Multi-temporal Bare-Soil Mapping in Agricultural Landscapes Using HLS Imagery and MaxEnt Modelling

Bare-soil mapping is essential for agricultural monitoring, land-surface characterization, and environmental modelling, supporting applications such as soil organic carbon (SOC) estimation, evapotranspiration retrieval, erosion assessment, and land degradation monitoring. However, accurate detection of exposed soil remains challenging due to spectral confusion with sparse vegetation and crop residues, strong seasonal variability, and the heterogeneous structure of agricultural landscapes. The Harmonized Landsat–Sentinel (HLS) dataset, providing 30 m spatial resolution and a 5-day revisit cycle, offers new opportunities for multi-temporal bare-soil mapping. This study develops an automated workflow combining spectral indices and a machine-learning algorithm (Maximum Entropy, MaxEnt) to map bare soil across agricultural regions using HLS surface reflectance imagery. Multiple indices capturing vegetation–soil contrasts were employed, including NDVI, BSI, NDMI, SAVI/GSAVI, NBR, EVI, and DBSI. High-confidence bare-soil pixels were first identified using a rule-based approach with strict thresholds (e.g., NDVI < 0.2 and BSI > 0.4–0.7), which minimized commission errors and generated reliable presence samples for model calibration. To improve generalization across different day-of-year (DOY) mosaics, these samples were integrated into a presence-background modelling framework using the MaxEnt algorithm (maxnet). Background samples were constrained to non-bare conditions (e.g., NDVI ≥ 0.3).
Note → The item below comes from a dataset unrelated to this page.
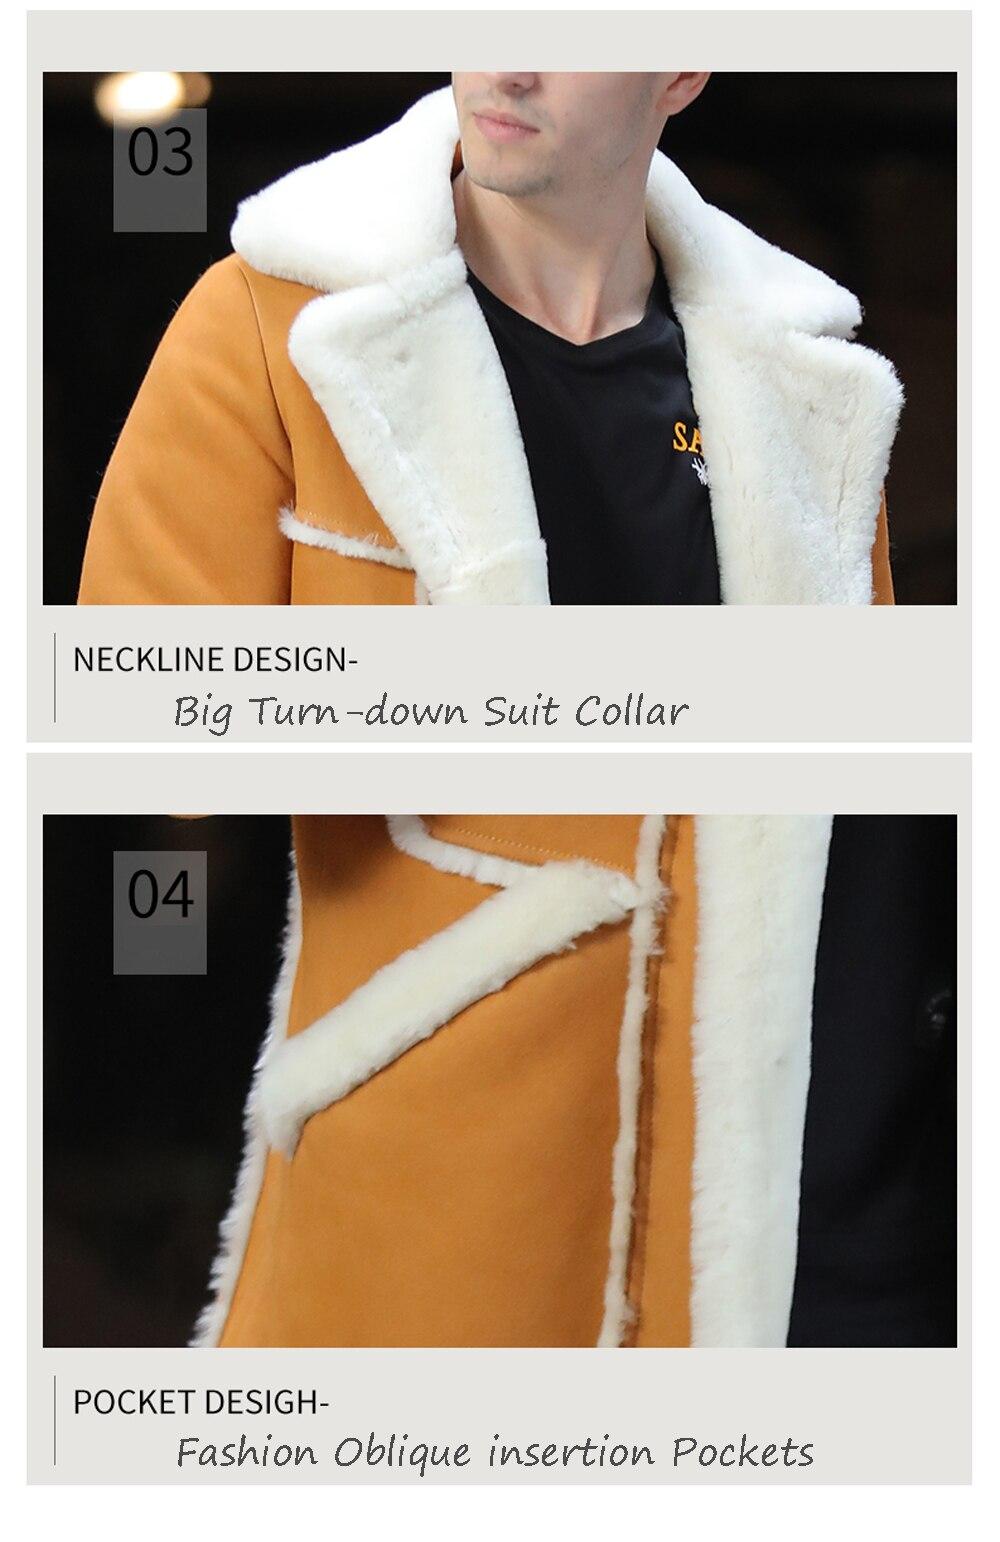 Hd53e4a1655a64429b1c1c56b3ea0ade3s Men Luxury Fur Shearling Coat Yellow Soft Thicken Fur Coat Winter Male Formal Business Fur Sheepskin Jackets

Model performance was evaluated using AUC, Kappa, sensitivity, and specificity, while permutation importance and jackknife analyses quantified predictor contributions. The model achieved an AUC of 0.9 and a Kappa value of 0.7, indicating strong discriminative ability and substantial agreement. NDVI and BSI were identified as the most influential predictors. The resulting products include DOY-specific bare-soil probability maps, binary masks, and aggregated bare-soil frequency maps, providing a robust and scalable framework for long-term agricultural and soil-related applications.